→ **Activity**:
Taking only the lines of the data below from the line with "Image of Aerosmith" to the line with "Image du sac", ends included, write them out exactly and without pictures.

→ **Data extract**:
/---

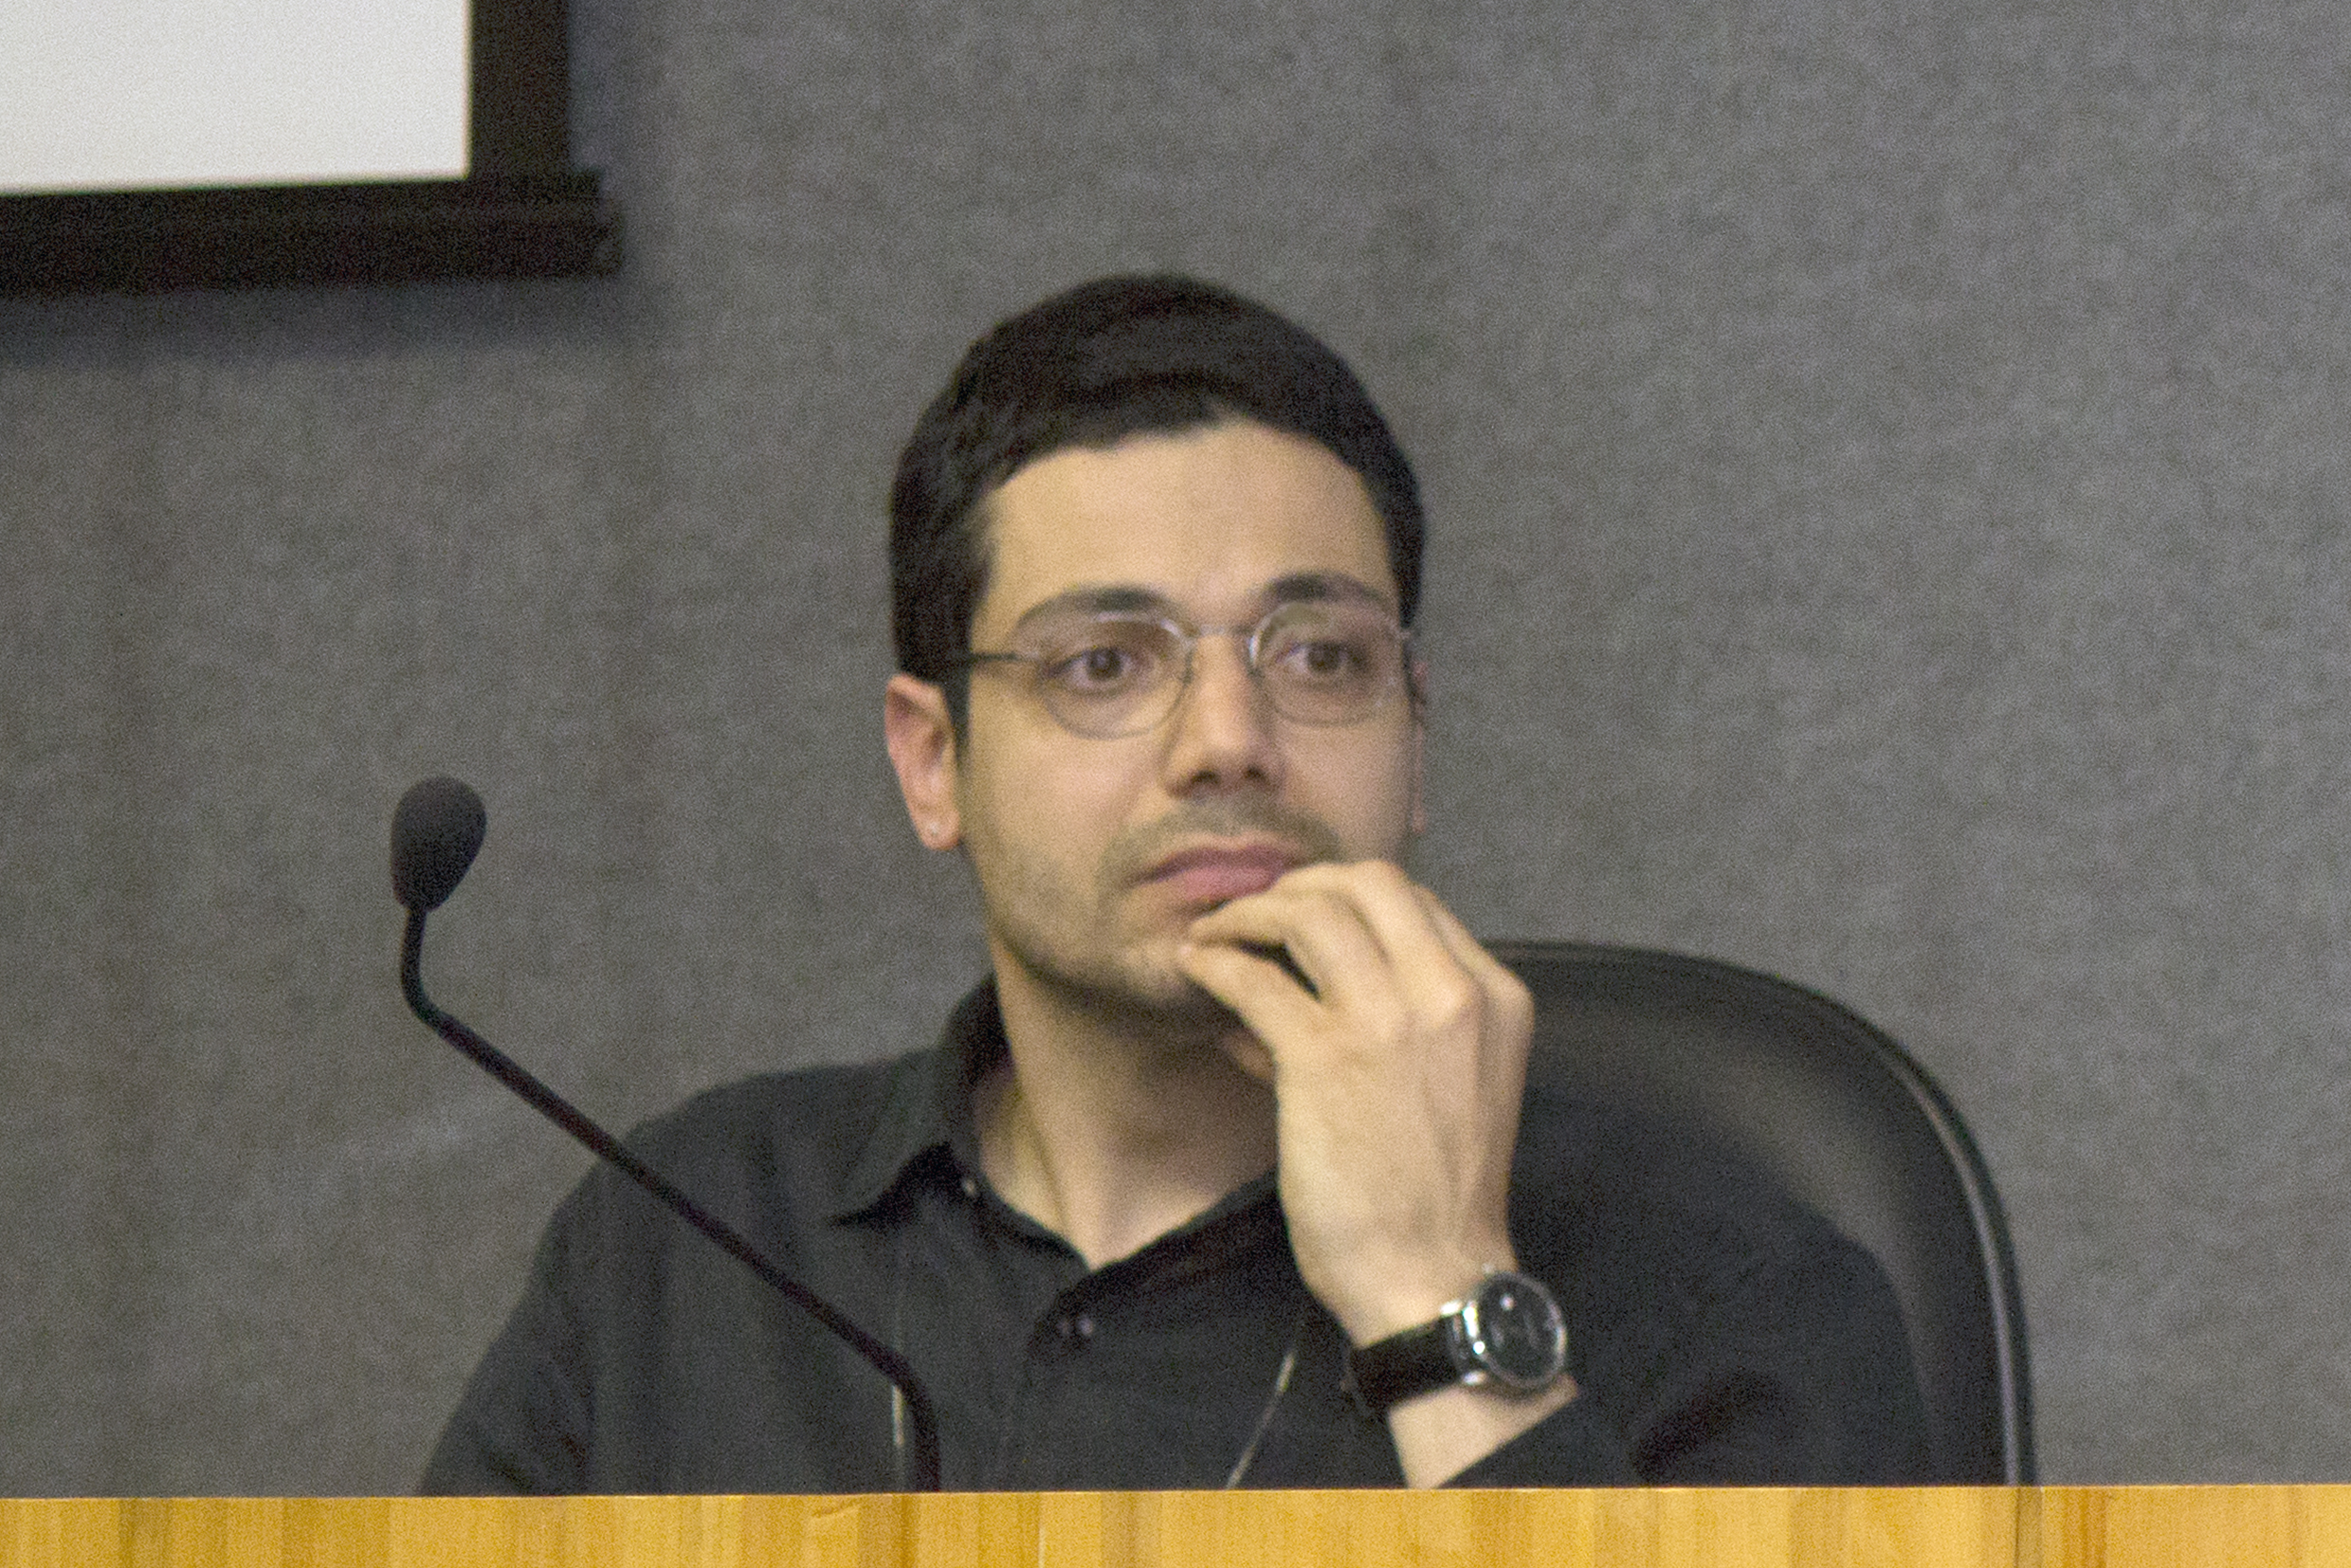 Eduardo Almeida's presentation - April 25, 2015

\---
/---

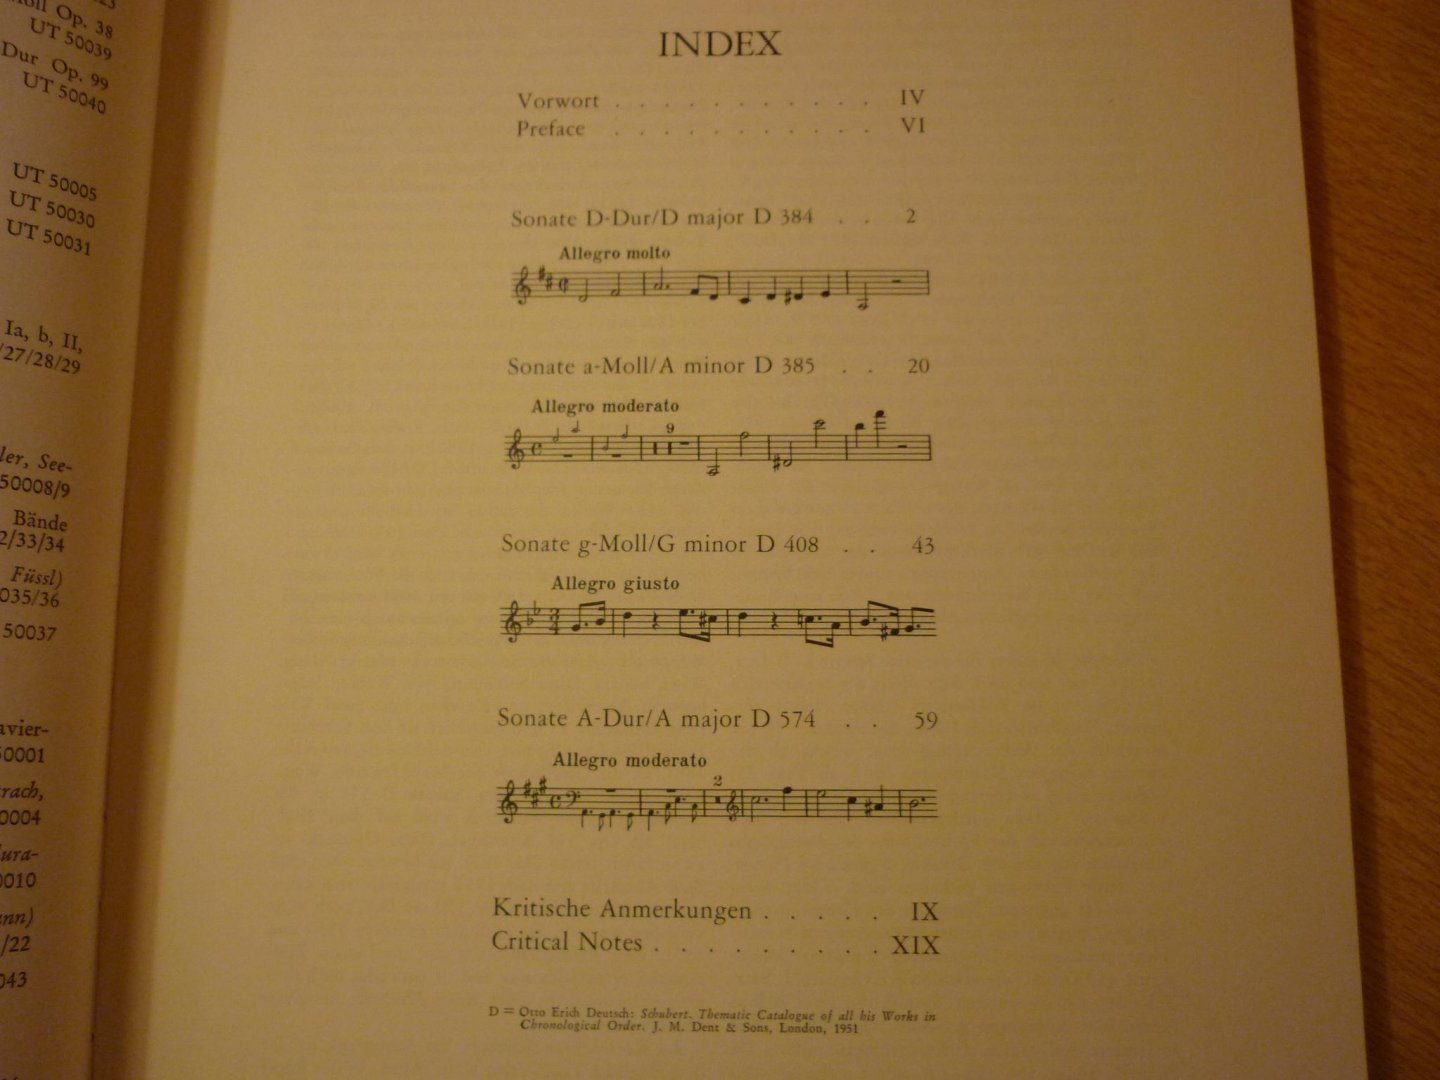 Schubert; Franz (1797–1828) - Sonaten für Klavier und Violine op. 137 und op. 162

\---
/---

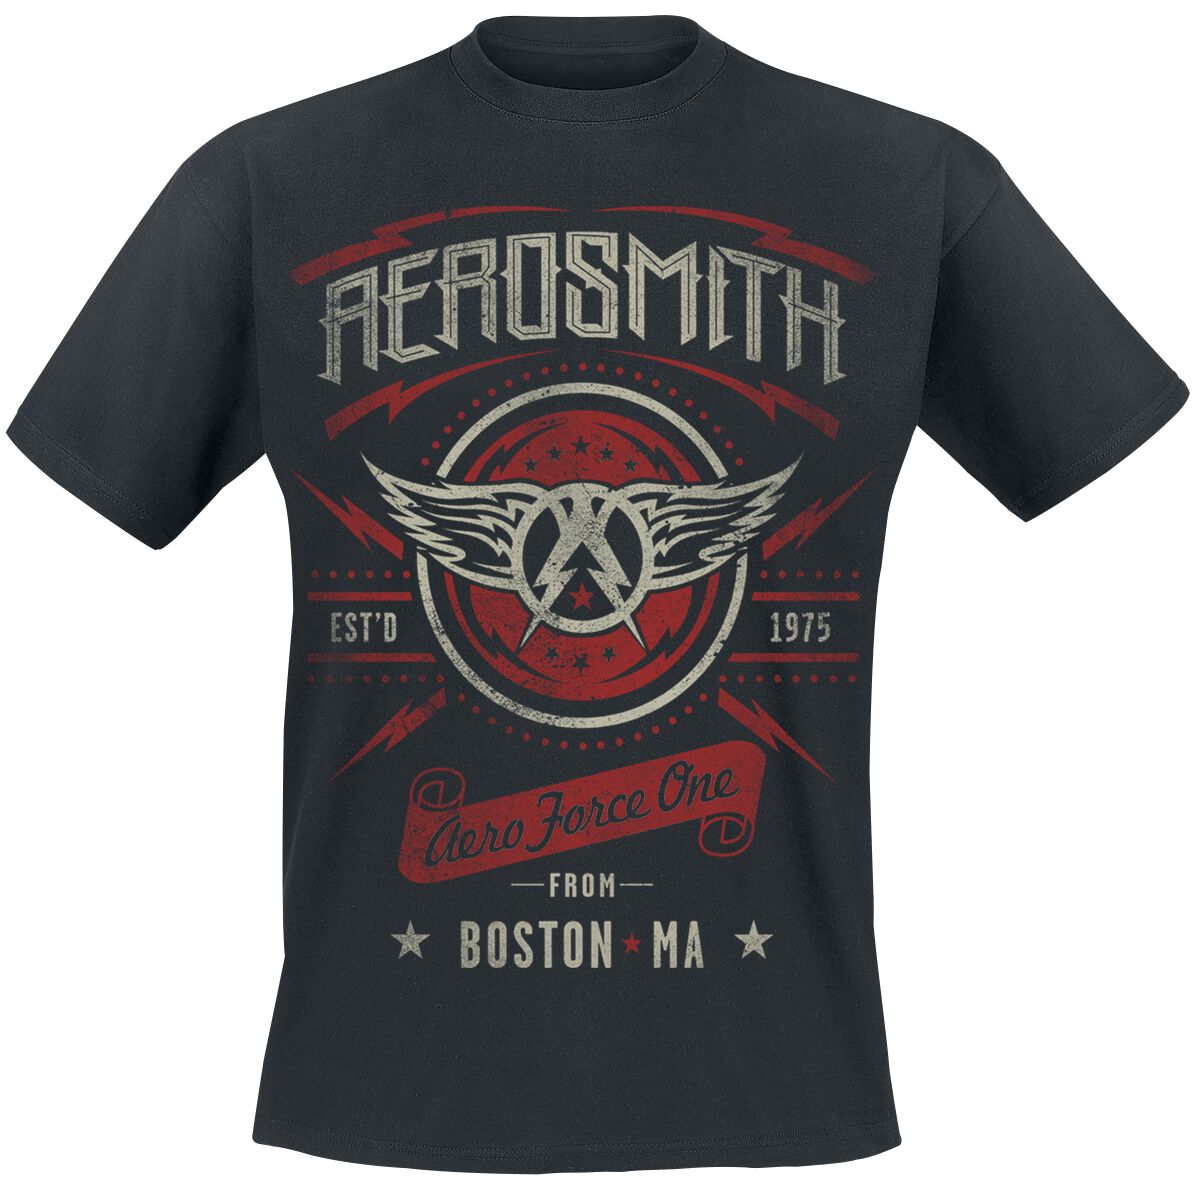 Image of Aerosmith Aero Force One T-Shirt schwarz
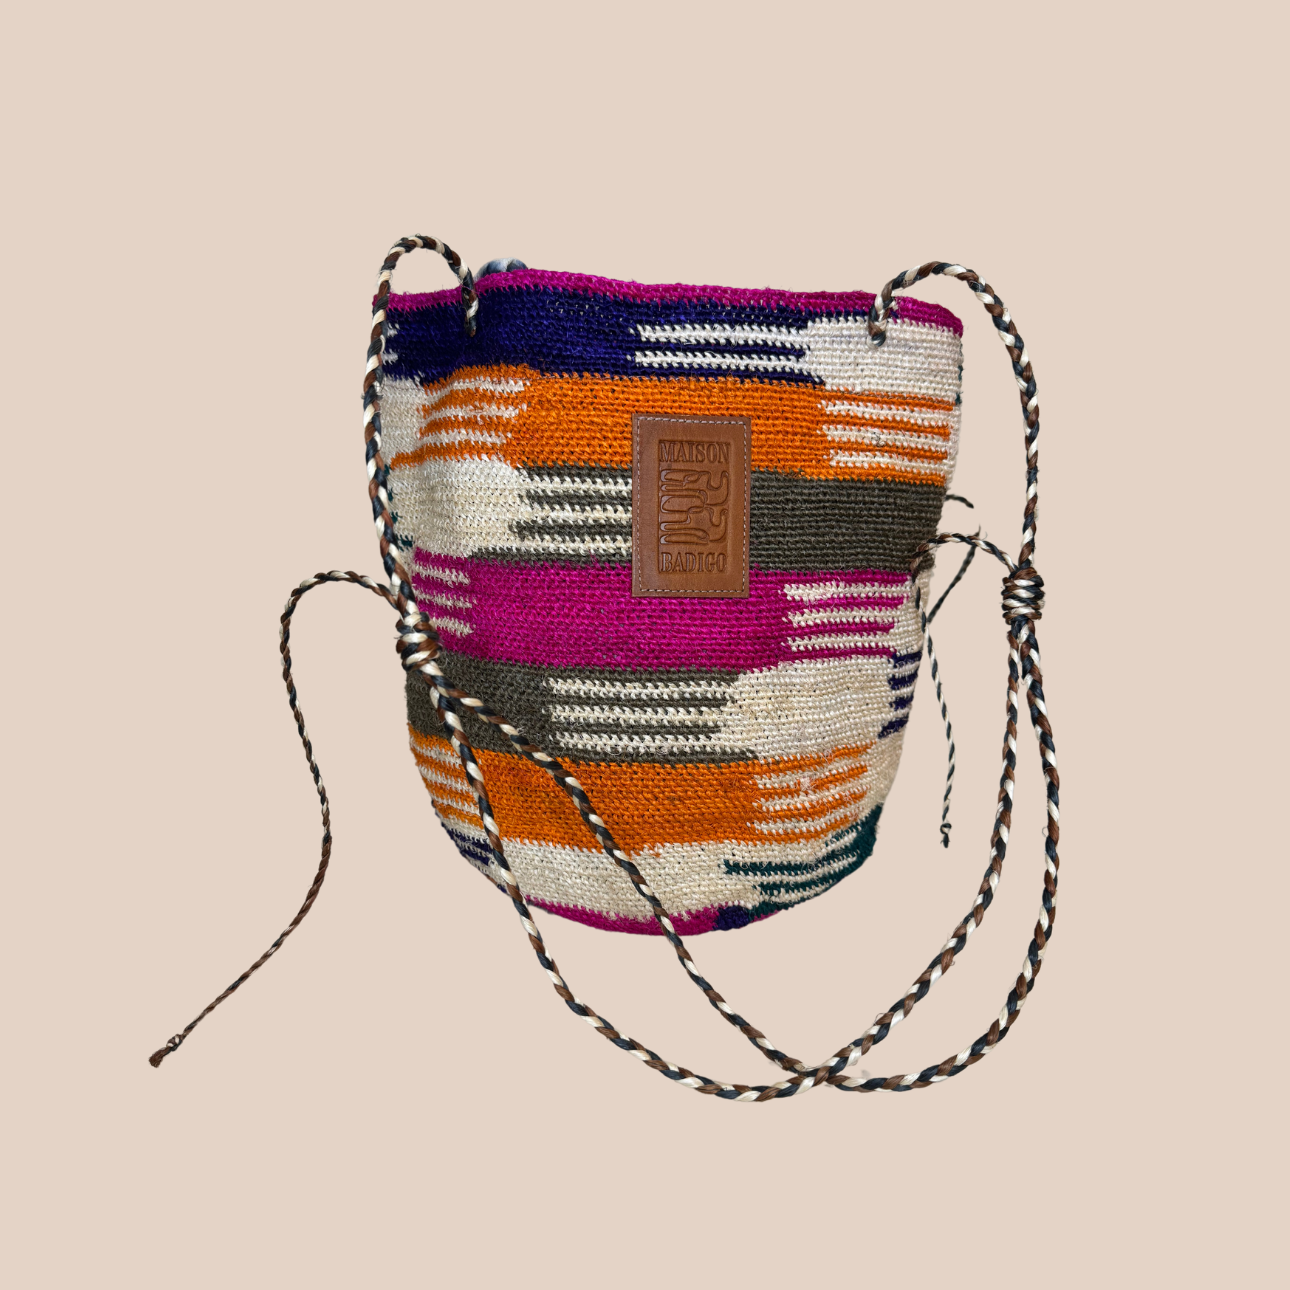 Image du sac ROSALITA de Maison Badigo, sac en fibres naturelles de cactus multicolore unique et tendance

\---

→ **Exercise solution**:
 Image of Aerosmith Aero Force One T-Shirt schwarz
 Image du sac ROSALITA de Maison Badigo, sac en fibres naturelles de cactus multicolore unique et tendance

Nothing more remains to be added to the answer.